Per quanto riguarda le altre figure professionali coinvolte, invece, citiamo il logopedista, che è d’aiuto per quanto concerne le problematiche motorie legate al linguaggio e alla deglutizione.
Come si può intuire, non esiste una vera e propria sessione di riabilitazione, così come non esiste un luogo dedicato. Il malato di Alzheimer, infatti, può essere stimolato motoriamente in diversi contesti, durante tutto l’arco della giornata. Certo è che l’ambiente deve essere tranquillo e silenzioso, senza stimoli eccessivi, condizione resa necessaria dalle problematiche cognitive (deficit di attenzione selettiva, attenzione sostenuta, memoria) e psichiatriche che spesso rendono difficoltosa l’esecuzione dell’attività.
Capita mai che il paziente non si sottoponga volentieri agli esercizi di riabilitazione proposti? Come ci si comporta se rifiuta di seguirli?
Capita spesso che il paziente non comprenda cosa gli stiamo proponendo. Un approccio soft, spiegando bene gli esercizi da svolgere o distraendo il malato dai propri pensieri fissi, a volte deliranti, può aiutare a ottenere una buona compliance e a far sì che il malato si fidi di noi medici e che accetti di fare fisioterapia.
Alcune strategie di relazione ci possono essere suggerite ad hoc da uno psicologo, a seconda delle caratteristiche della persona assistita, del grado e delle manifestazioni della patologia. Quel che è certo è che le persone malate di Alzheimer necessitano di tempo e percepiscono con grande sensibilità se siamo di fretta o emotivamente instabili. La calma, un bel sorriso, movimenti lenti, accompagnati da una spiegazione di cosa stiamo per fare, aiutano a partire con il piede giusto quando stiamo per proporre un esercizio. E nel caso in cui il paziente sia stanco o non abbia voglia, in quel momento, di fare riabilitazione, accettiamo il suo no e riproviamo più tardi.
Lo Spazio Alzheimer di Real Salus
Come abbiamo visto dall’intervista al dottor Gianpaolo Lucato, la fisioterapia è importante per rallentare l’incedere dell’Alzheimer e aiutare il paziente a mantenere il più possibile le proprie capacità motorie.
Proprio per assistere al meglio le persone con questa patologia e sostenere le loro famiglie in questo delicato percorso, la struttura Real Salus ha istituito un’area specifica: lo Spazio Alzheimer.
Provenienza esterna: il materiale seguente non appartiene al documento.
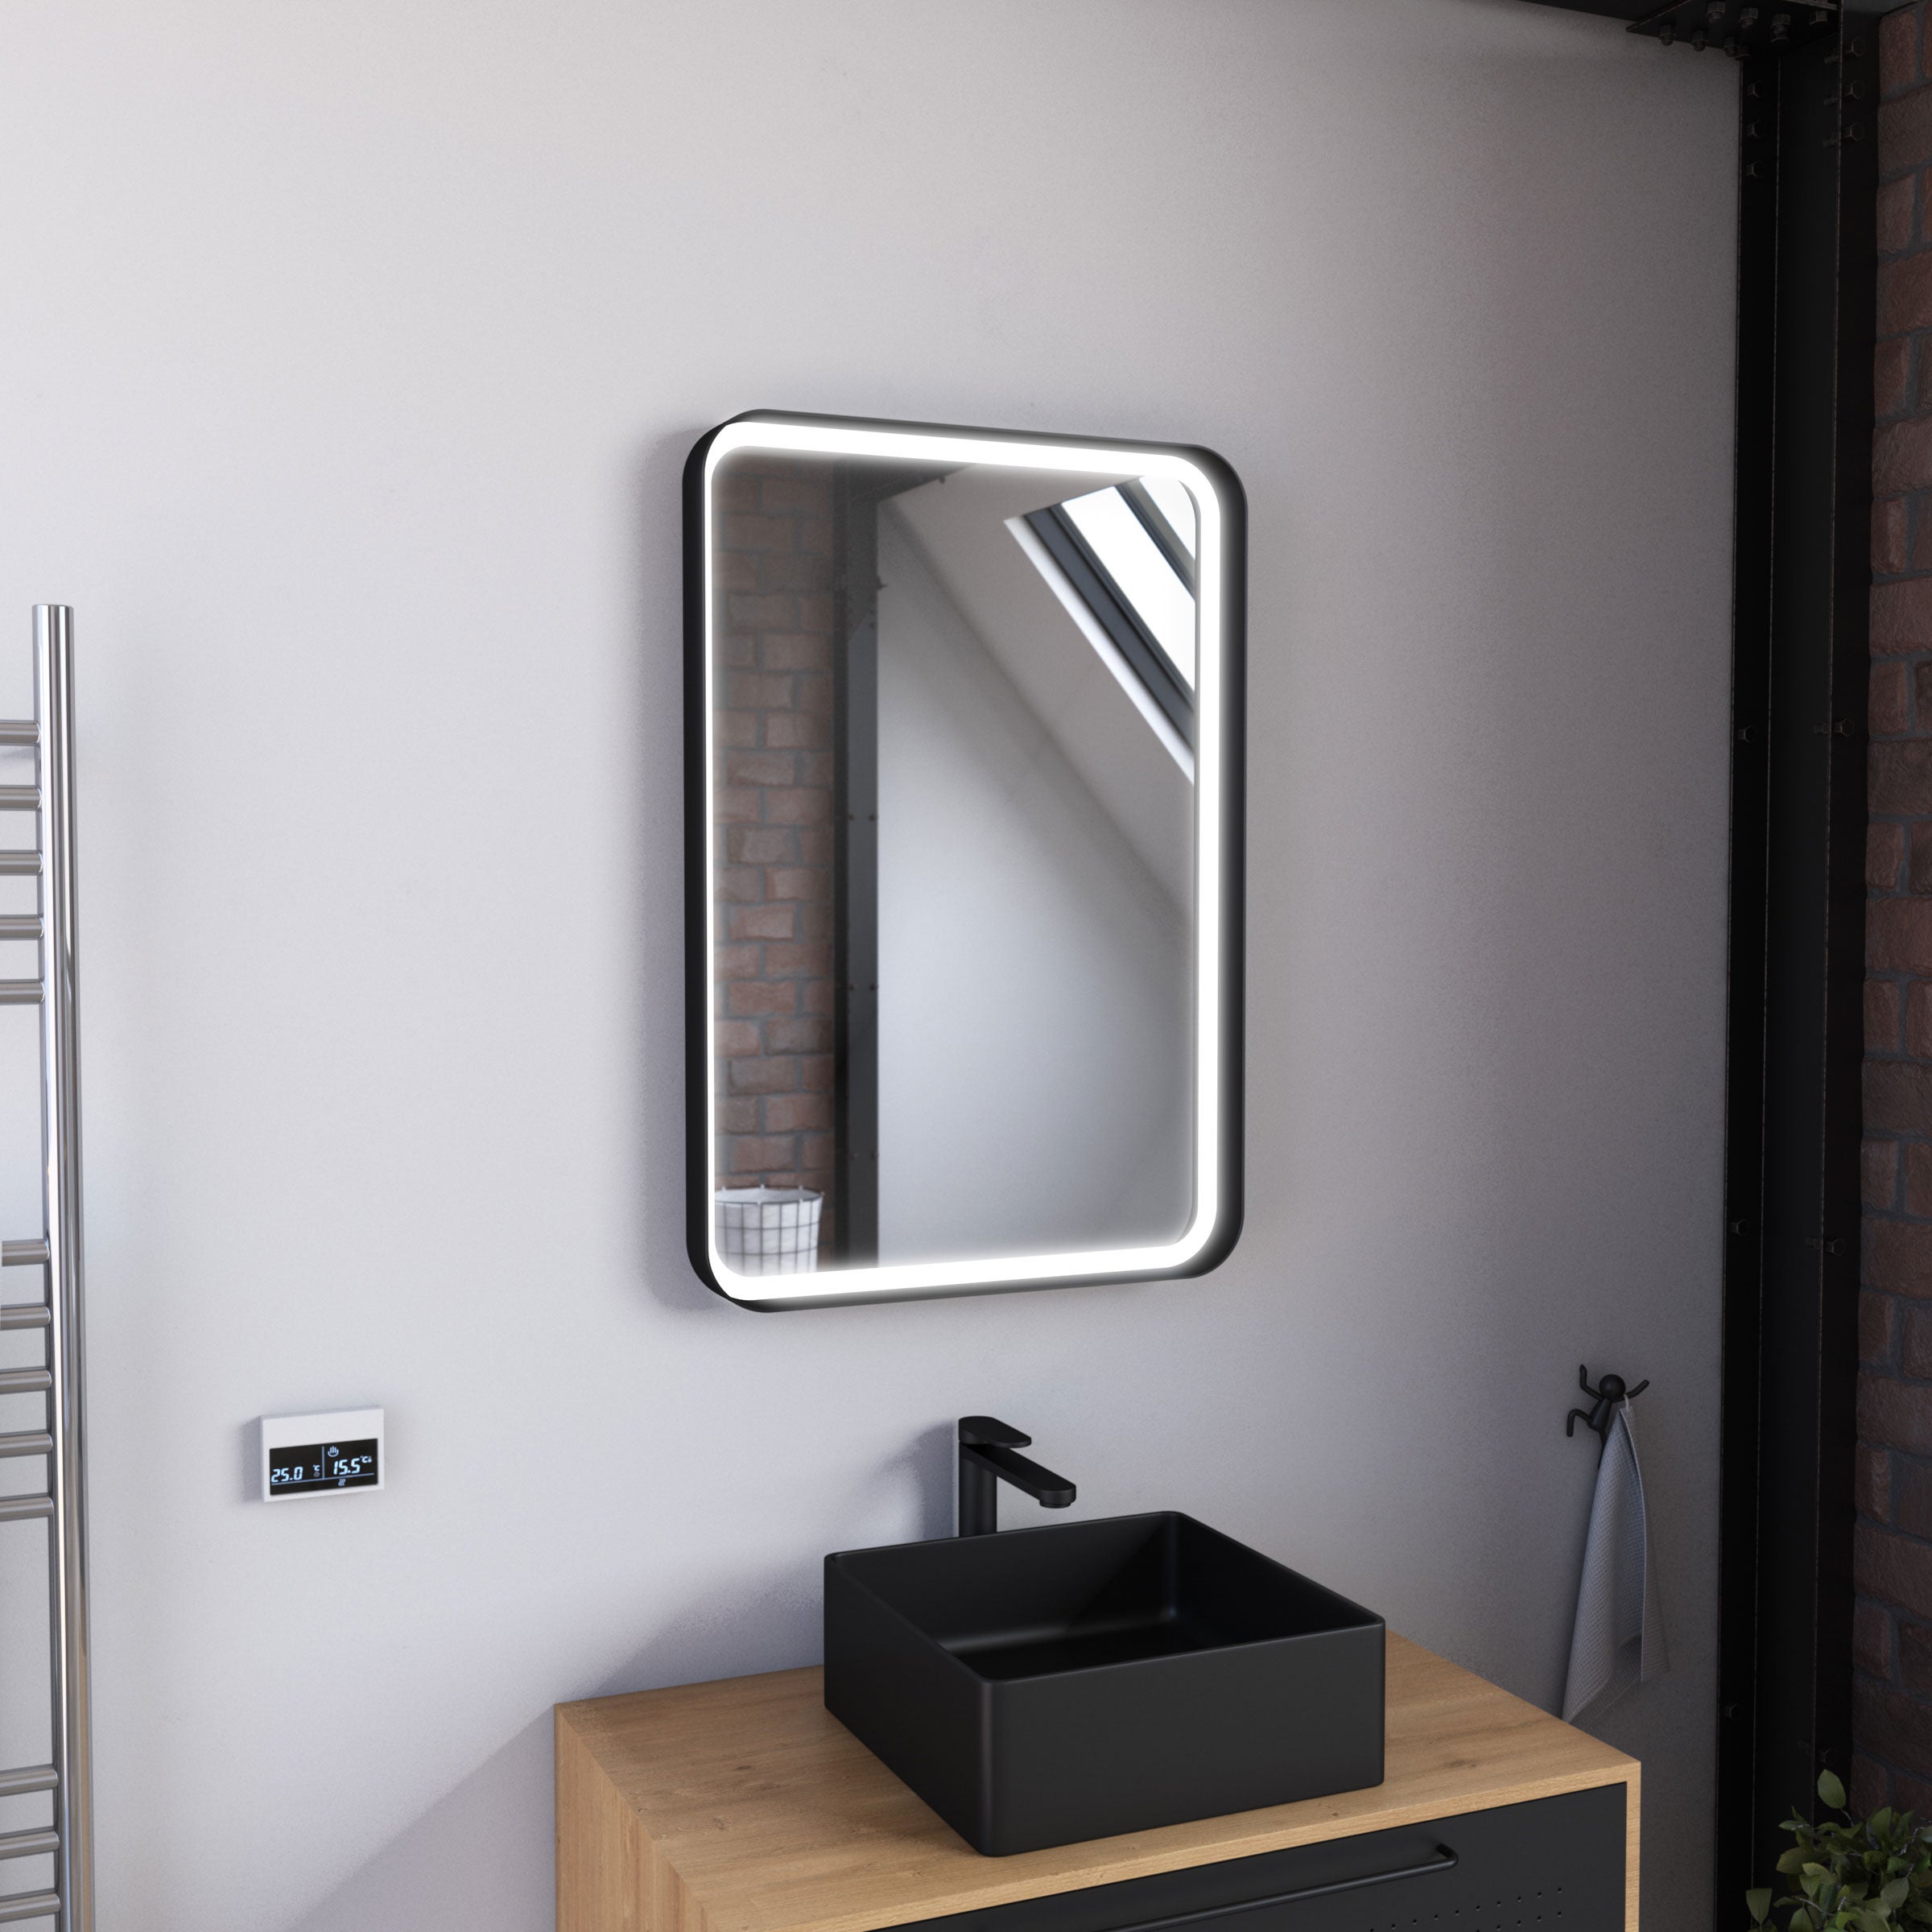 Miroir salle de bain avec eclairage LED - 50x70cm - GO LED - Aurlane

Si tratta di un ambiente concepito appositamente per garantire cure, stimoli adeguati, fisioterapia e riabilitazione a chi soffre di Alzheimer e, in generale, di tutte le condizioni che comportano un deterioramento cognitivo.
Questo spazio offre interventi di tipo assistenziale e riabilitativo e favorisce le attività di relazione e socializzazione, indispensabili per rallentare, dove possibile, il decadimento psico-fisico, contenerne gli effetti e garantire al paziente serenità e benessere.
Presso la struttura l’ospite è seguito da un’équipe professionale altamente specializzata composta da medici, infermieri e assistenti socio-sanitari che, oltre a occuparsi delle condizioni di salute della persona, la assistono nello svolgimento delle attività quotidiane.